Michel Legrand was hired to compose and conduct the score and he created a terrific and eclectic bunch of cues, some of them classic Legrand 70s funk, some pretty, some atonal and weird, and all wonderfully Legrandesque. However, the film’s director seemed to have something else in mind; seemingly he wanted the music to mostly function as part of the sound design – as source music, as pad, as everyday life, and not really as conventional film scoring.
Save for only one or two cues, Legrand’s music always seems to be coming out of radios (the radio broadcasts seem to always be present), and the cues that might be considered score cues still almost function as source music in the film itself.

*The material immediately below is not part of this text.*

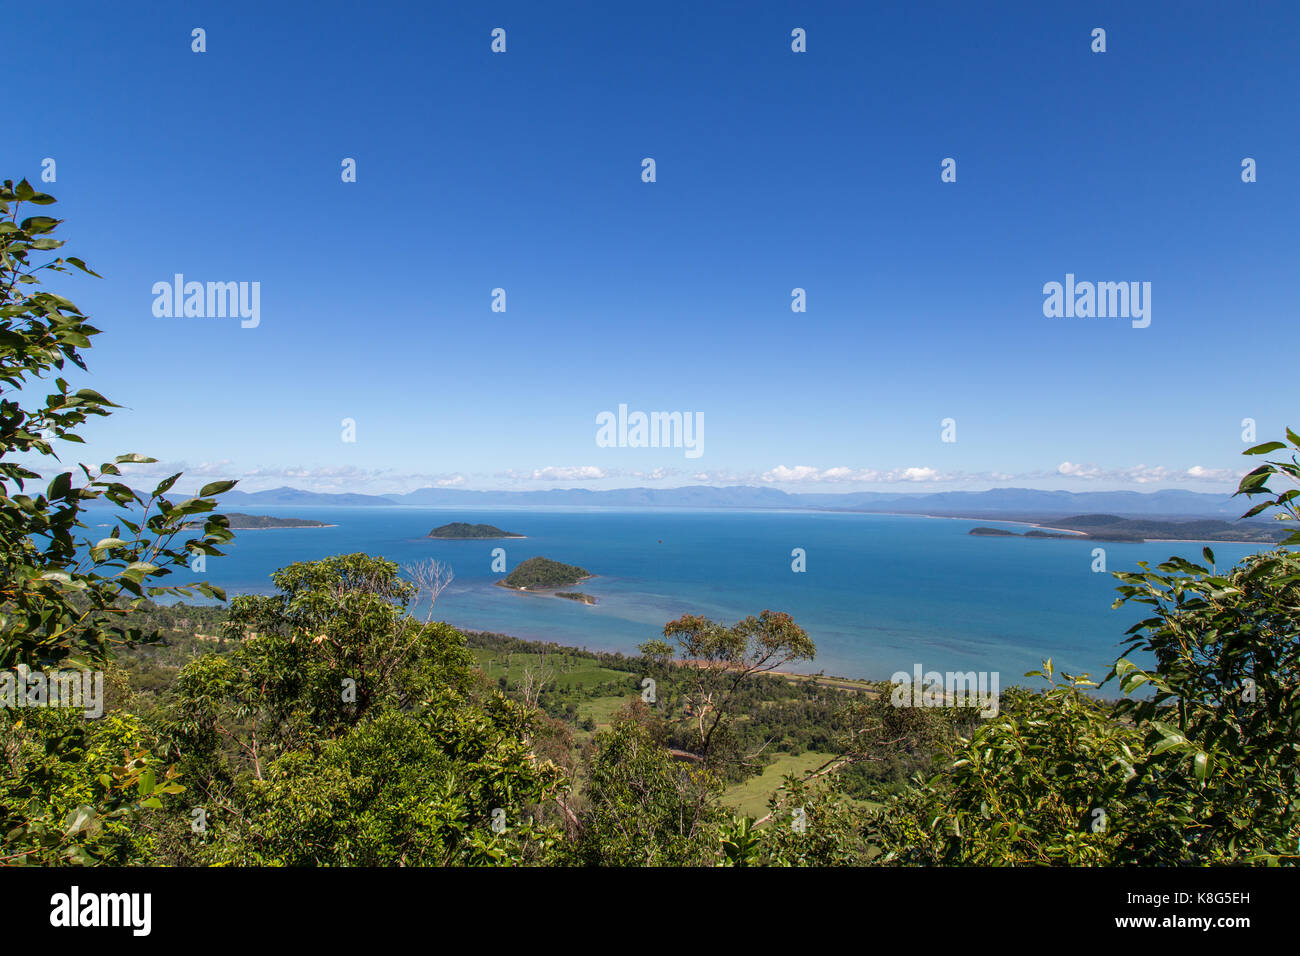 Dunk Island Holidays: Dunk Island Queensland Stock Photos & Dunk Island

While a soundtrack album was prepared at the time of the film’s release, it never came out, probably because if people had seen the film they would have found little need to purchase it, since so little of the music is heard – sometimes only a few seconds. But the album is fantastic, and it’s a shame the music wasn’t actually used more prominently in the film because it’s Legrand at his 70s best. The title song is infectious in the way Shaft’s title song is (with a similar-style vocal), and each track is completely its own musical picture. We’re thrilled to release what is basically an almost never-before-heard Legrand score.
Beautifully mastered for CD from the album masters, Cops and Robbers is a must-have for any film score aficionado or Legrand fan.